Yo-Yo Ma delivers fresh and eloquent Dvořák with CSO

Sun May 06, 2012 at 12:26 pm

By Lawrence A. Johnson

Yo-Yo Ma performed Dvořák’s Cello Concerto Saturday night with the Chicago Symphony Orchestra.

Back home for their first program after what by all accounts proved to be a highly successful tour of Russia and Italy, the Chicago Symphony Orchestra got a little help from their friend Yo-Yo Ma Saturday night.

The orchestra’s creative consultant opened his two-week CSO stand with Antonin Dvořák’s not unfamiliar Cello Concerto in B minor. One would expect that having the world’s most popular cellist in the most beloved cello concerto in the repertory would be a big draw—especially with an abbreviated run of just two weekend performances—and such was the case Saturday with a notably well-filled house.

With two recordings and umpteen performances of Dvořák’s concerto to his credit, Ma still delivered a notably fresh and eloquent performance with the orchestra led by Carlos Miguel Prieto.

Perennially youthful at 55, Ma can sometimes be in danger of loving the music too much, both in fitfully indulgent playing and his ecstatic facial expressions and beneficent nodding smiles. Saturday night the musical mannerisms and exaggerated pianissimos were minimal, and this spirited performance was one of his most successful concerto appearances in recent seasons.

After a somewhat slack entrance, Ma’s silvery timbre proved a compelling solo protagonist through the Czech composer’s drama and rustic lyricism. Ma’s sound has never been ample in the Russian or German tradition, yet his lithe, springy style, flexibility and elegant tone–some surprisingly choppy bravura passages apart—provided just the right grace and dramatic cut.

Ma was at his finest in the Adagio, playing with tender intimacy in the ruminative reverie.

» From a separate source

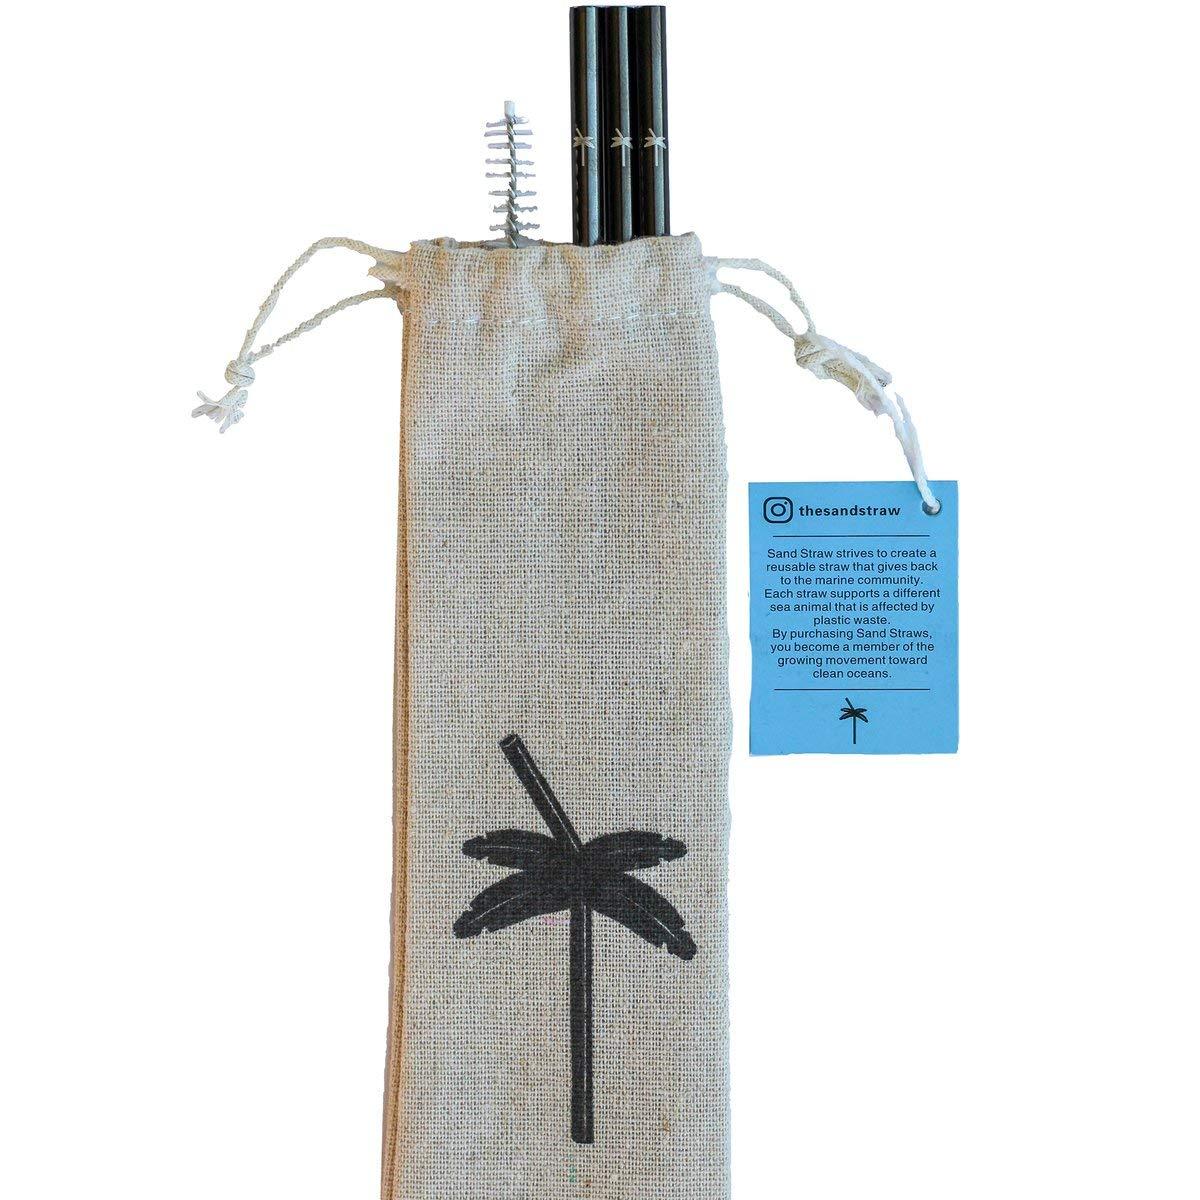 Amazon.com: Pajita de arena reutilizable de acero inoxidable ...

The soloist also fluently encompassed both the fiery and introspective elements of the finale, investing the inward-looking passage near the coda—a late addition to the concerto when Dvorak’s sister-in-law passed away—with just the right aching nostalgia minus any extraneous lily-gilding.

Prieto—a frequent Ma collaborator—was a largely simpatico if not very subtle partner, drawing full-blooded accompaniment that would have benefited from more finely balanced textures, woodwinds in particular. Assistant concertmaster Stephanie Jeong, clarinetist John Bruce Yeh and oboist Michael Henoch contributed atmospheric solos.

The concert led off in lively fashion with the Mexican conductor bringing a musical postcard from his home country, Huapango by Jose Pablo Moncayo. The lightweight nine-minute piece doesn’t offer much beyond any number of similar dance-flavored Mexican overtures, but under Prieto’s energetic direction, the CSO put Huapango across with all due vitality and rhythmic insistency, with special kudos for Chris Martin’s echt-mariachi trumpet solos.

The performance of Beethoven’s Symphony No. 2 could have used some of the same energy. Prieto led a routine and generalized performance heavy on bluster and lacking refinement and expressive nuance. The conductor found little depth in the Larghetto—-Beethoven’s first great symphonic slow movement—and the awkward balancing often made the symphony sound like an early 19th-century timpani concerto.

Prieto’s garrulous direction found little charm or humor in this score and no one hearing this music for the first time would guess the final movement is one of Beethoven’s wittiest inspirations. The conductor indulged in so much hand-shaking with musicians after the performance you could easily believe that he’s on the Cook County ballot in November.

The program will be repeated 3 p.m. Sunday. cso.org; 312-294-3000.